In SP Gupta, the argument that disclosure of correspondence between constitutional functionaries in relation to the appointment process of judges would preclude the free and frank expression of opinions was rejected.

The argument of candour does not fall under any of the exemptions under the RTI Act, and therefore, this disclosure of information cannot be excluded from the purview of the RTI Act, the bench held.

 

Justice Chandrachud held that the decision in SP Gupta is not a precedent for a proposition for general disclosure in all circumstances, but it rejected the contention that disclosure and candour are incompatible and such correspondence is entitled to class immunity. The latter argument is that the correspondence between the law minister, the chief justice of the High Court, the chief minister or the law minister of the state government and the chief justice of India in regard to appointment or non-appointment of a High Court or a Supreme Court judge or transfer of a High Court judge and the notings made by these constitutional functionaries in that behalf belong to a protected class of documents. It was contended that disclosure of these documents would be prejudicial to national interest and the dignity of the judiciary. It was argued that the Court is not required to assess the effects of disclosure in a particular case, as all correspondence of such nature belongs to a special class.

The late Justice PN Bhagwati, who was part of the seven-judge bench in SP Gupta, rejected it, saying that the claim for class immunity was an extraordinary claim, and contradictory to and destructive of the concept of an open government.

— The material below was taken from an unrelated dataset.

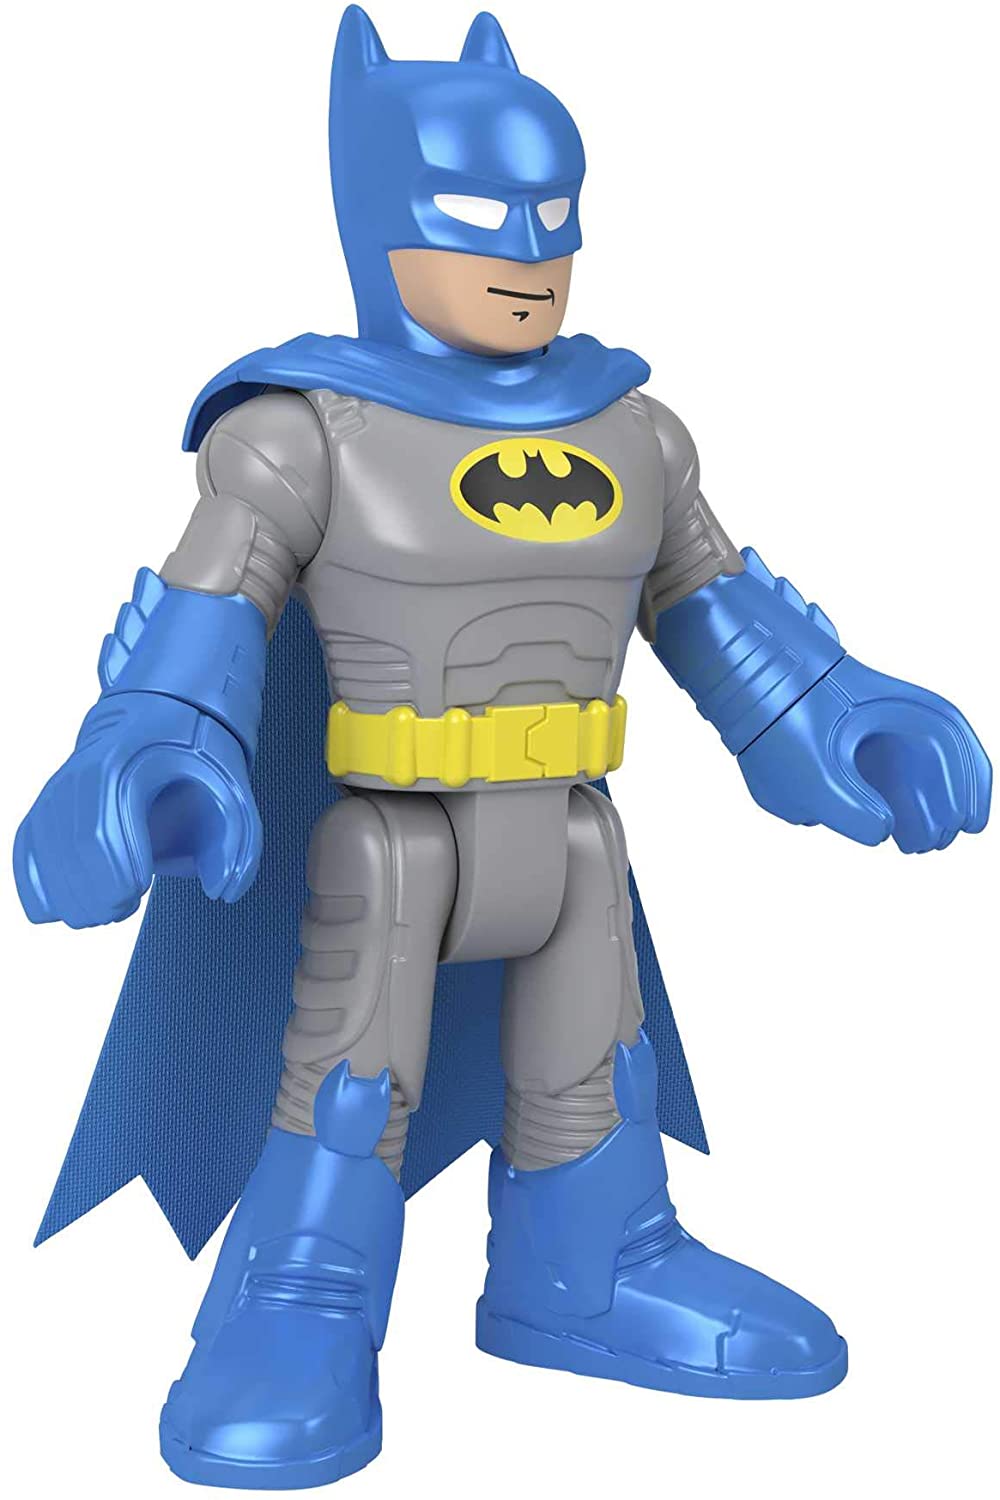 Fisher-Price Imaginext DC Super Friends Batman XL--Blue

To Justice Chandrachud, the Collegium owes its birth to judicial interpretation. In significant respects, the Collegium is a victim of its own birth-pangs, he said. Bereft of information pertaining to both the criteria governing the selection and appointment of judges to the higher judiciary and the application of those criteria in individual cases, citizens have engaged the constitutional right to information, facilitated by the RTI Act, he suggested.

Justice Chandrachud emphasised that substantive standards must be formulated and placed in the public domain to promote confidence in the appointments process. Due publicity to the norms which have been formulated and are applied would foster a degree of transparency and promote accountability in decision-making at all levels within the judiciary and the government, he suggested. The norms may also spell out the criteria followed for assessing the judges of the district judiciary for higher judicial office, he opined. There is a vital public interest in disclosing the basis on which those with judicial experience are evaluated for elevation to higher judicial office particularly with regard to merit, integrity and judicial performance. Placing the criteria followed in making judicial appointments in the public domain will fulfil the purpose and mandate of Section 4 of the RTI Act, engender public confidence in the process and provide a safeguard against extraneous considerations entering into the process, he reasoned.

To many, however, the bench’s lip service in favour of pro-active disclosure of information has to be tested in practice, especially when the centre is unwilling to notify the revised Memorandum of Procedure (MoP) in the light of the Supreme Court’s judgment in 2015, to regulate appointments and transfers of judges of the higher judiciary.